KSJU

Collegeville, Minnesota; United States;
- Frequency: 96.5 MHz

Programming
- Format: Variety

Ownership
- Owner: Saint John's University

History
- First air date: 1954 (carrier current); September 1977 (FM);
- Last air date: 1988 (FM)
- Former frequencies: 89.1 MHz (1977–1984)
- Call sign meaning: "Saint John's University"

Technical information
- Facility ID: 62125
- Class: D
- ERP: 10 watts
- Transmitter coordinates: 45°34′57″N 94°22′54″W﻿ / ﻿45.58250°N 94.38167°W

= KSJU =

College radio station in Collegeville, Minnesota (1977–1988)

KSJU was a college radio station at the College of Saint Benedict and Saint John's University in Collegeville, Minnesota. Broadcasting as a carrier current AM radio station from 1954 to 1977 and on FM from 1977 to 1988, it was forced to drop its FM broadcasts due to the sign-on of new radio stations that held priority over its 10-watt facility. Today, the station operates online as "KJNB".

==History==
===Carrier current===
Student radio at St. John's began in 1954 with the establishment of KSJU as a carrier-current radio station. In 1961, the station's music format eschewed rock and roll, opting for "adult college listening" and music for "study hours". The station's operations began to involve students from the College of St. Benedict in 1965 when five girls organized a group to incorporate the associated women's college into the production and broadcast of programming and the provision of news stories from St. Benedict into KSJU newscasts. 1970 brought KSJU a direct connection to the United Press International teletype.

===On the FM dial, frequency changes and cable FM===

St. John's applied for a construction permit for a new FM station in 1975. After receiving the permit in 1976, the station began transmitting on 89.1 FM for the 1977–78 school year, with a transmitter on Nequette Hill near the St. John's campus. The move to FM brought with it a doubling of KSJU's hours of operation. It marked the return of St. Johns to the FM dial, after having spun off public radio station KSJR-FM, which became the core of today's Minnesota Public Radio. (MPR celebrated its 25th anniversary in 1992 by broadcasting from the university's studios.) In April 1979, the station held a 70-hour marathon to raise the money necessary to convert to stereo broadcasting.

KSJU was a class D station for its entire existence as an FM broadcast station. Broadcasting with 10 watts, this made it a secondary service to other "full-service" radio stations. In the summer of 1984, KSJU relocated from 89.1 to 96.5 MHz, a move forced by the recent opening of applications for the 88.9 frequency, which became KNSR. The frequency change cost $7,000; simultaneously, the station was displaced from its auditorium studios by renovations, settling in Mary Hall.

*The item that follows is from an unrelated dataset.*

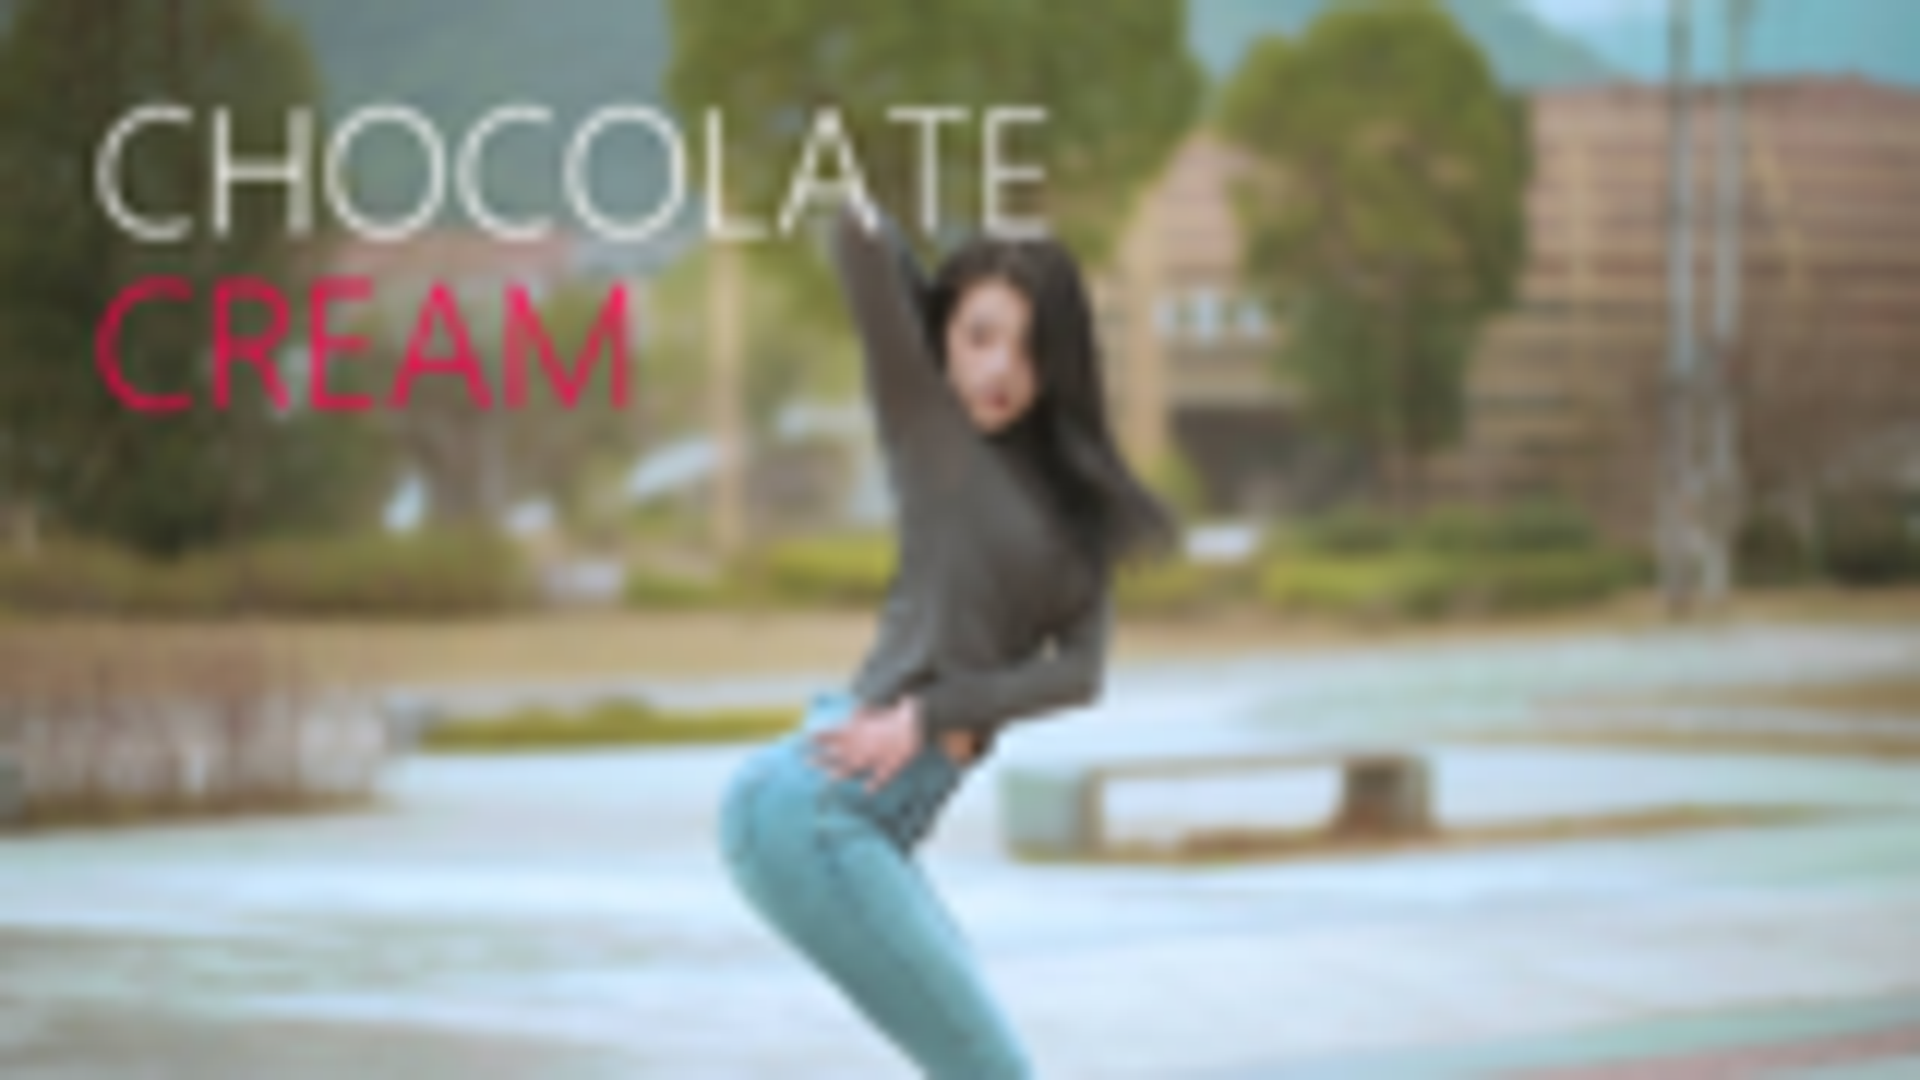 Chocolate Cream【竖屏】我好了你呢?

The station operated on 96.5 MHz for four years before another radio station bumped it off the dial: the new station KKSR in Sartell, operating on 96.7 MHz. Though the university said it would look into the process of obtaining a new radio station license, this never occurred, with St. John's deciding to let the license lapse; instead, in an arrangement intended to be temporary, KSJU was placed as a cable FM channel on the local cable system, beginning December 1, 1988. The arrangement, however, carried a major drawback: the station was no longer listenable at St. Benedict and remained so for years, even though CSB students paid activity fees that supported its operations. In 1993, KSJU became "KJNB" ("Johnnies and Blaze"), reflecting its return to St. Benedict and in preparation for an attempt to return to the air with MPR backing. In 2000, another effort was made to return to the FM dial when the university filed for a low-power FM station. Low-power station applications were not initially required to protect stations on third-adjacent FM channels, but a law change in December 2000—after the original filing—required them to do so. After a remedial window, applicants for 484 proposed stations, including SJU, failed to modify their applications to address this deficiency, resulting in the dismissal of their applications in March 2003.